A rede de hotéis Caesar Towers, cuja composição acionária é de 80% para a empresária Chieko Aoki e 20%
para a Funcef, o fundo de pensão dos funcionários da Caixa Econômica Federal, deve operar mais 44
empreendimentos de três, quatro e cinco estrelas até o ano 2003 no Brasil. Cerca de nove mil apartamentos
vão entrar em operação nos próximos três anos. Os investimentos nesses empreendimentos que levam a
marca Caesar Towers devem superar a marca de um bilhão de dólares e serão realizados por empresas,
fundos de pensão e investidores.

O Caesar Towers Nações Unidas, cujo empreendimento deve consumir cerca de 17 milhões de reais, faz parte
desse pacotão e vem sendo bancado pelos próprios investidores, que compraram todas as unidades
disponíveis no primeiro final de semana de comercialização do flat, incorporado pela Inpar. Voltado para
executivos que possuem negócios com as empresas sediadas na avenida Engenheiro Luiz Carlos Berrini e na
marginal do rio Pinheiros, zona sul de São Paulo, o empreendimento de quatro estrelas terá 146 unidades de
26 m2 e 24 unidades VIP com 39 m2. Deve estar pronto em julho do ano que vem.

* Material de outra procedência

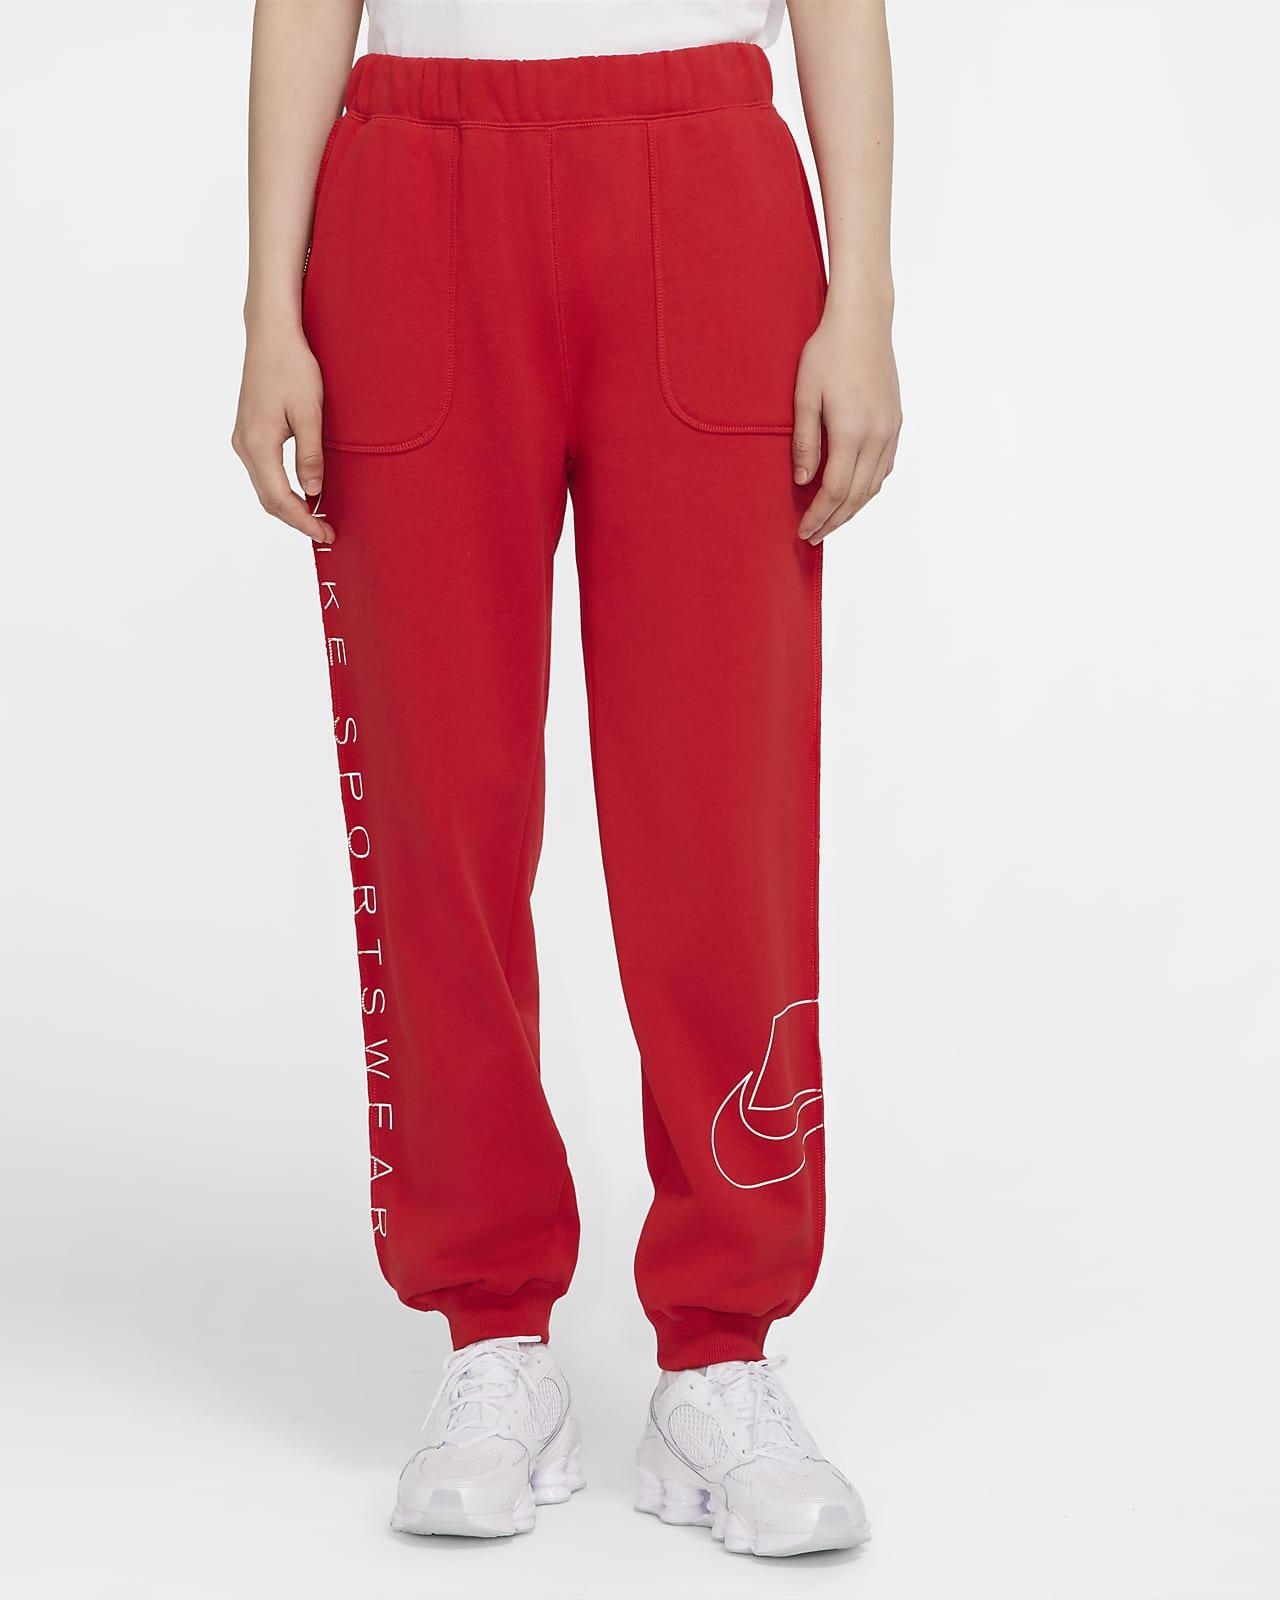 Pantalon en tissu Fleece Nike Sportswear NSW pour Femme
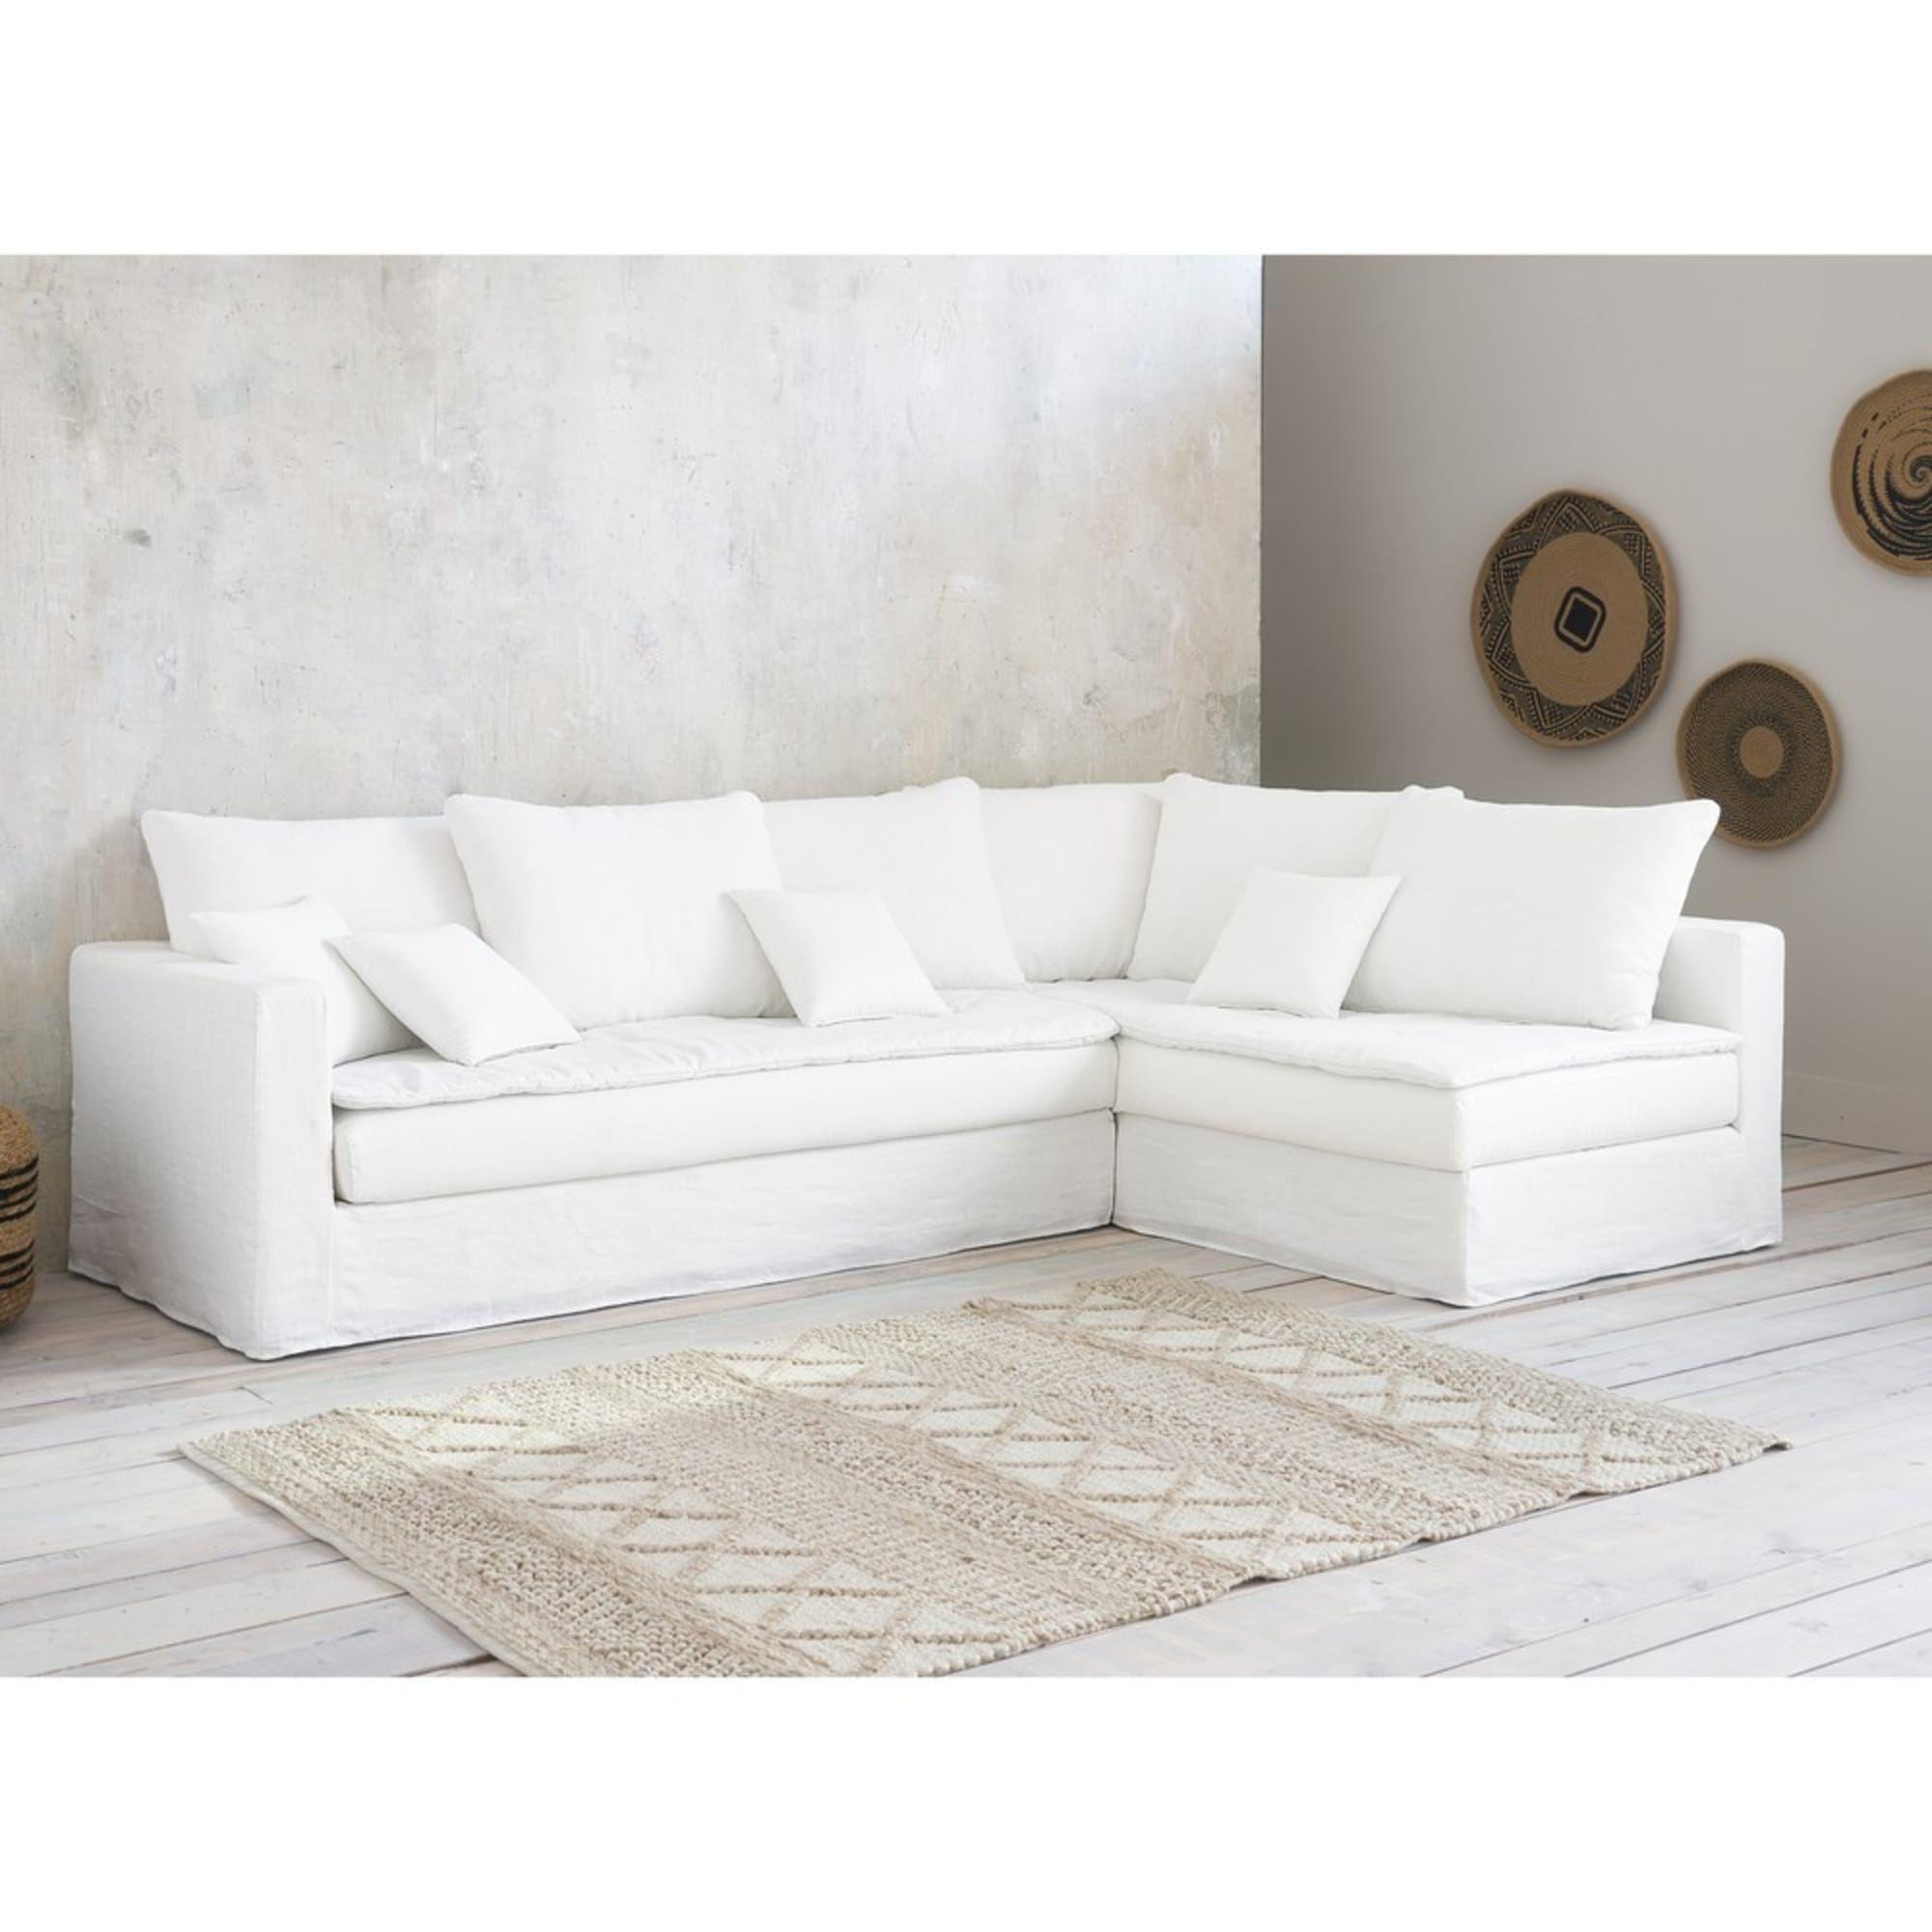 Canape D Angle 5 Places En Lin Lave Blanc Maisons Du Monde In 2020 White Sofas Linen Corner Sofa Corner Sofa Living Room

Ficha técnica: Construção e incorporação: Inpar; administração e operação: Caesar


Towers; projeto arquitetônico: Königsberger Vannucchi Arquitetos Associados; projeto
estrutural: SRTC; projeto de instalações: Prolux; projeto de paisagismo: Benedito
Abbud; projeto de ar -condicionado: Masterplan; projeto de fundações: Portela Allarcon;
execução da estrutura: Qualy; blocos: ST; elevadores: Fujitec; concreto: Holdercim; aço
cortado e dobrado: Imperatriz; tela metálica: Gerdau; fôrmas trepantes para poço do
elevador: Pashal; shafts: Plásticos Guarulhos; escoramentos: Peri; caixilharia: YKK.